START The data

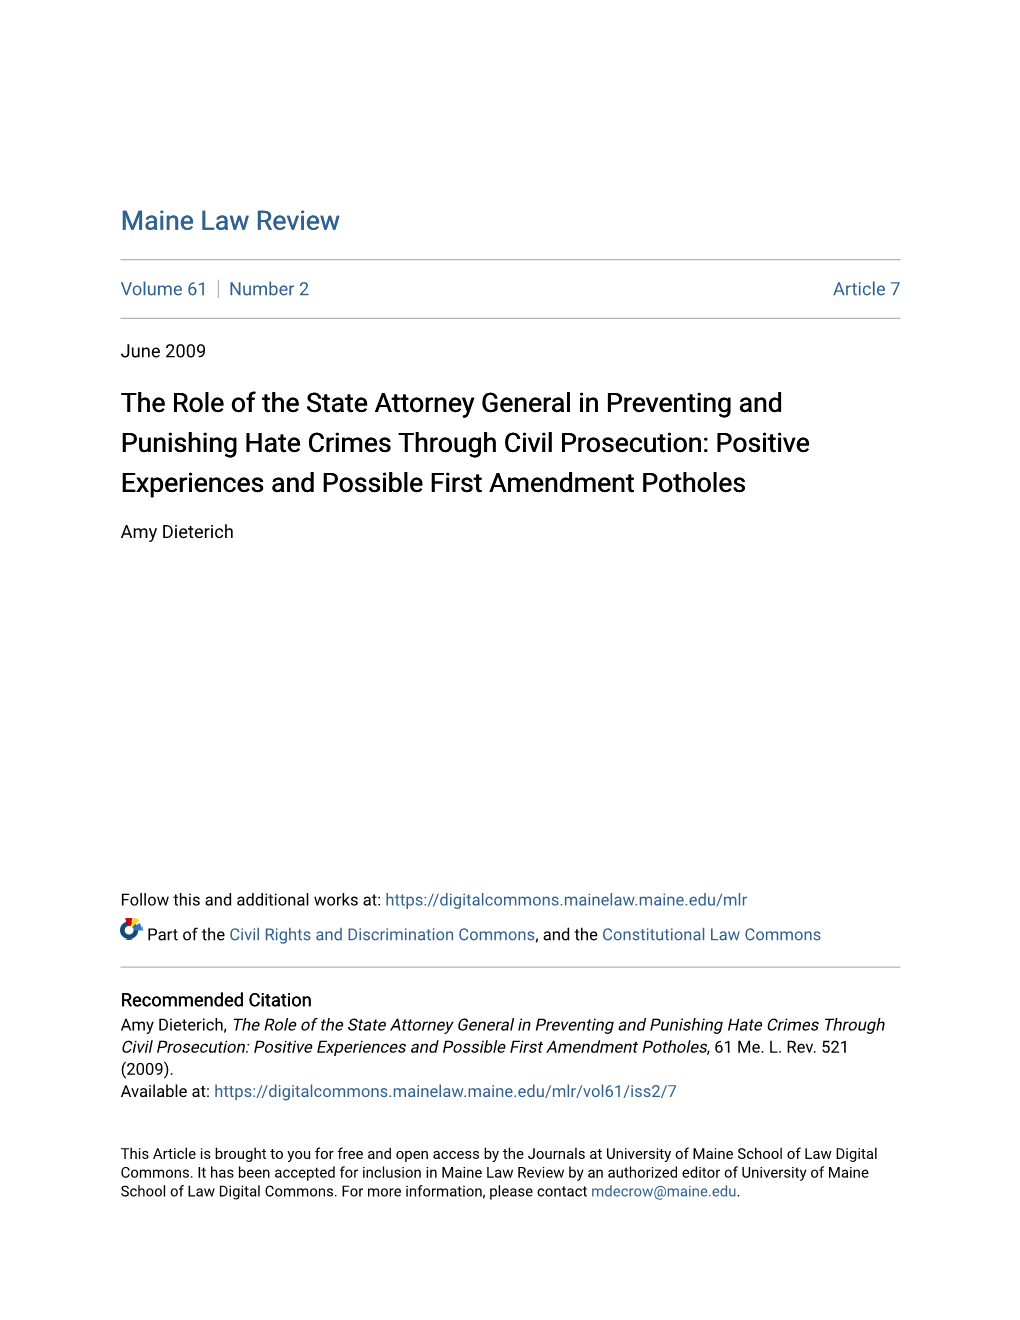 The Role of the State Attorney General in Preventing and Punishing Hate Crimes Through Civil Prosecution: Positive Experiences and Possible First Amendment Potholes
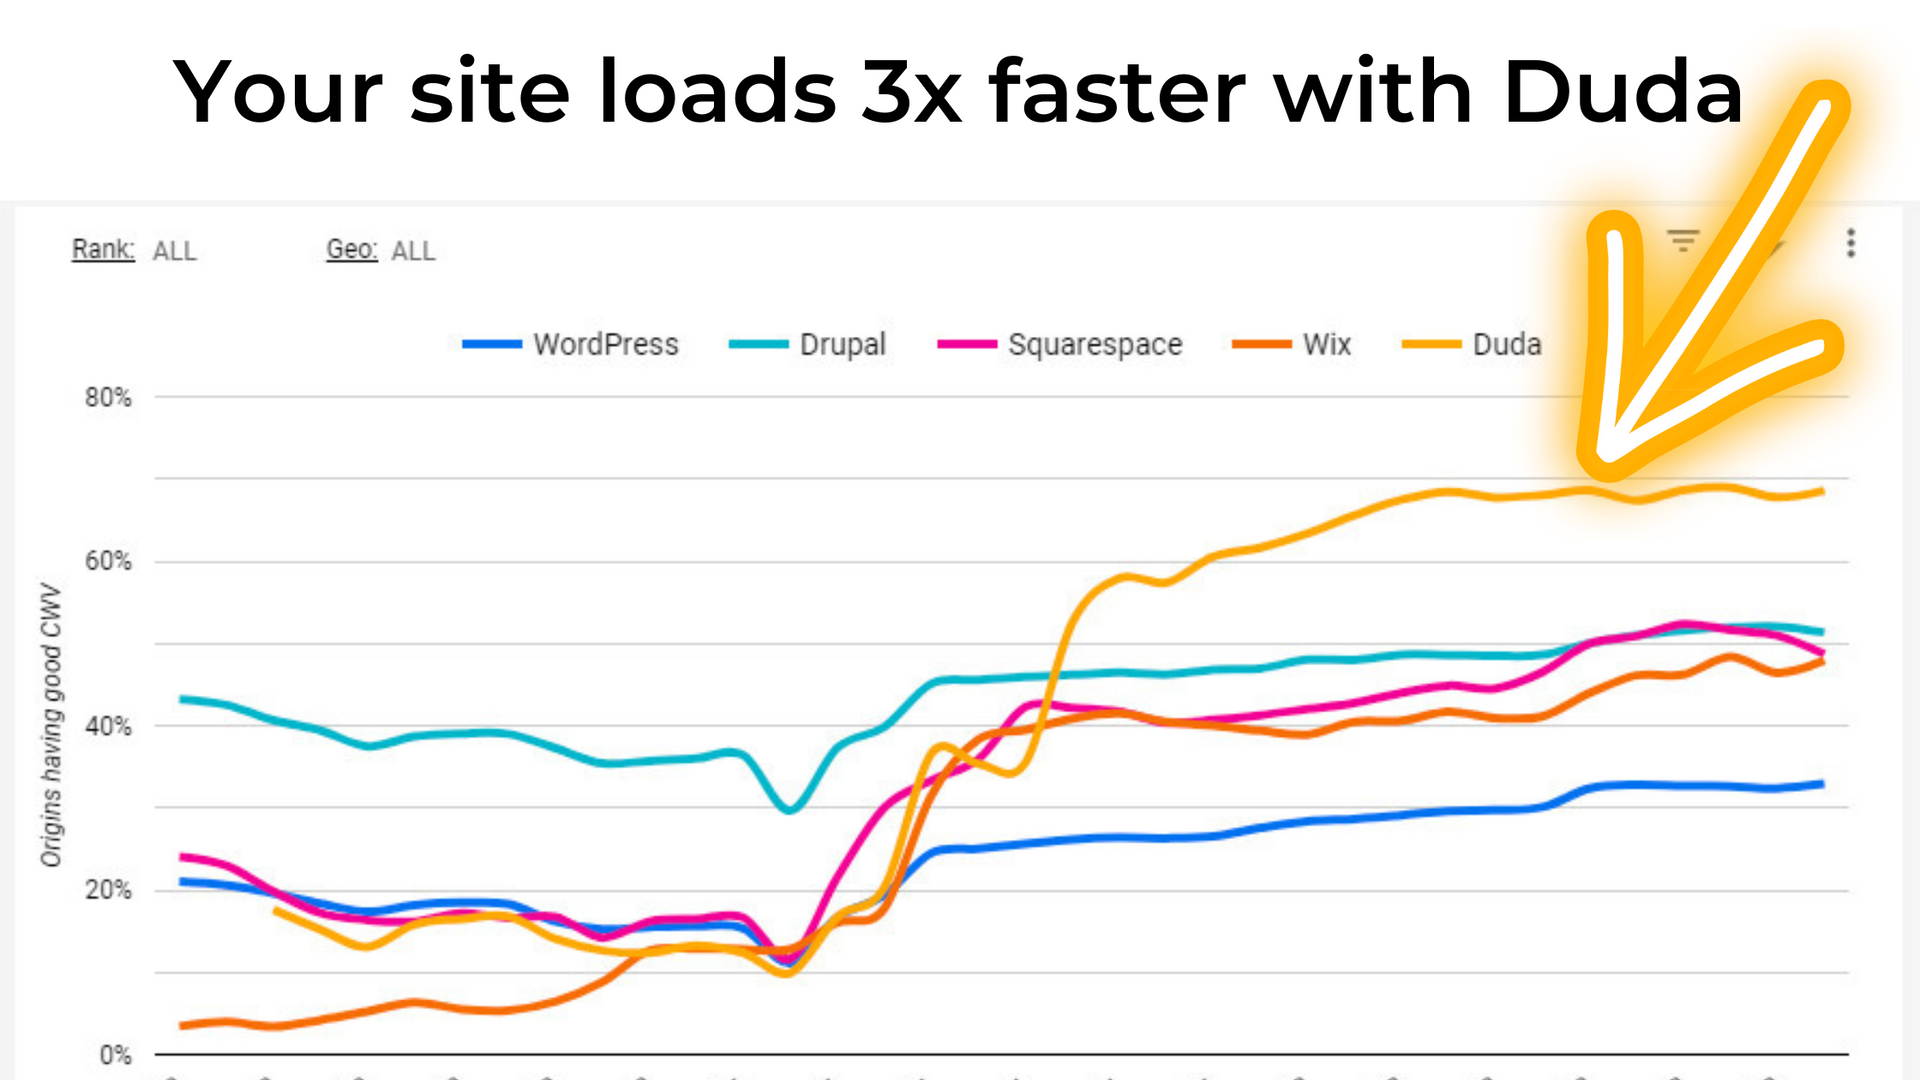 Your site loads 3x faster with Duda
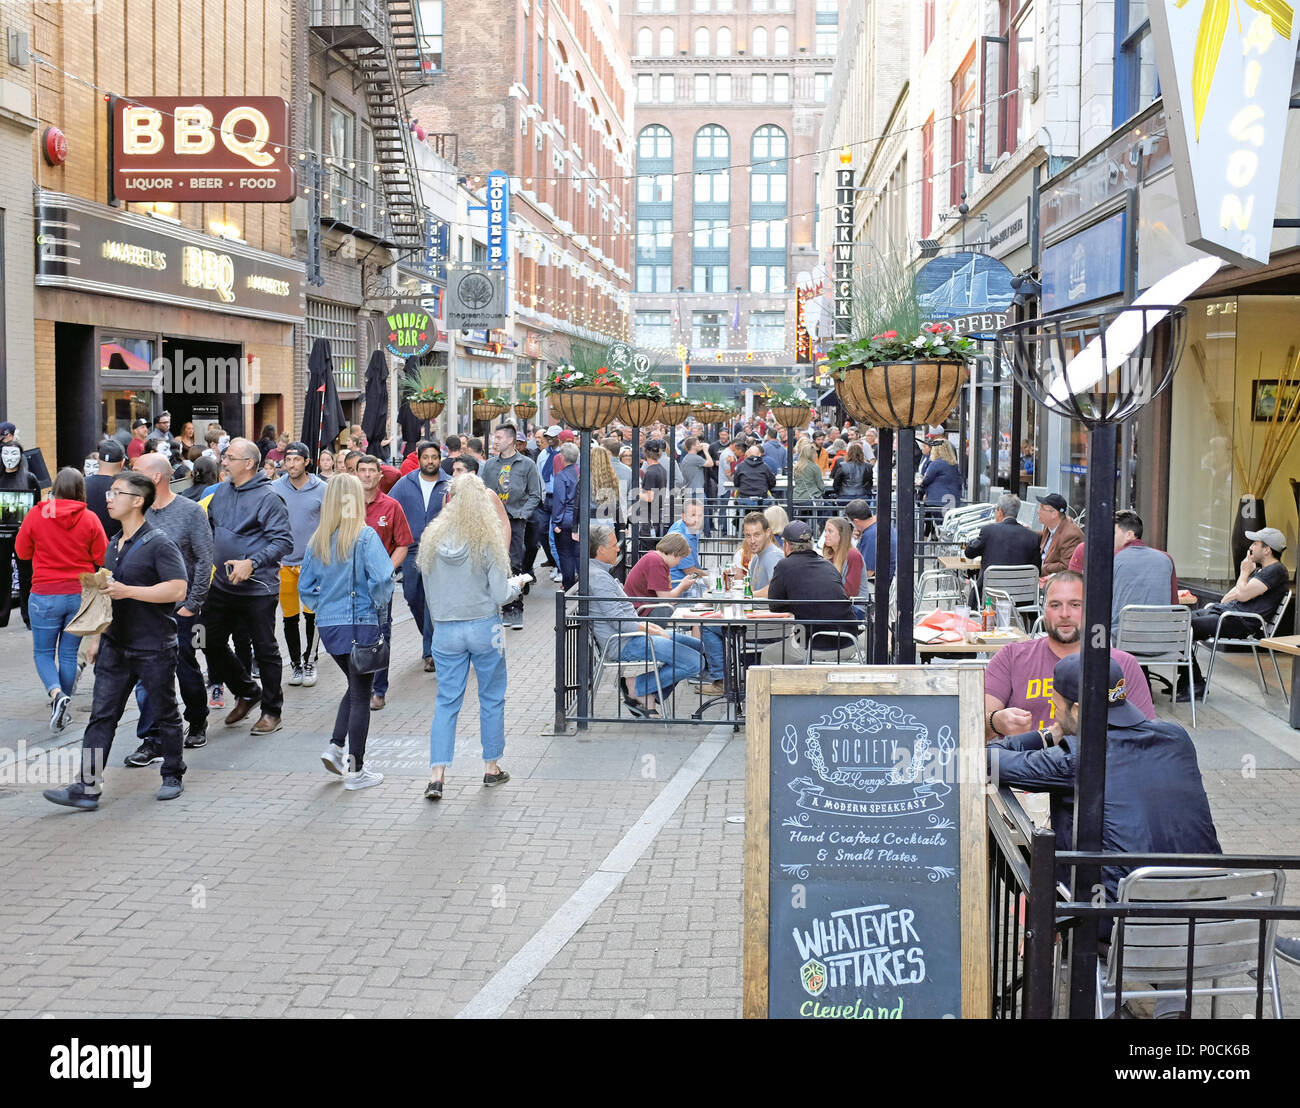 East 4th in downtown Cleveland, Ohio, USA is one of several entertainment districts with an outdoor dining and drinking scene Stock Photo

END The data

• **Exercise requirements**:
The reply must consist of the complete listing, reproduced exactly, with no images.

• **Result of the task**:
 The Role of the State Attorney General in Preventing and Punishing Hate Crimes Through Civil Prosecution: Positive Experiences and Possible First Amendment Potholes
 Your site loads 3x faster with Duda
 East 4th in downtown Cleveland, Ohio, USA is one of several entertainment districts with an outdoor dining and drinking scene Stock Photo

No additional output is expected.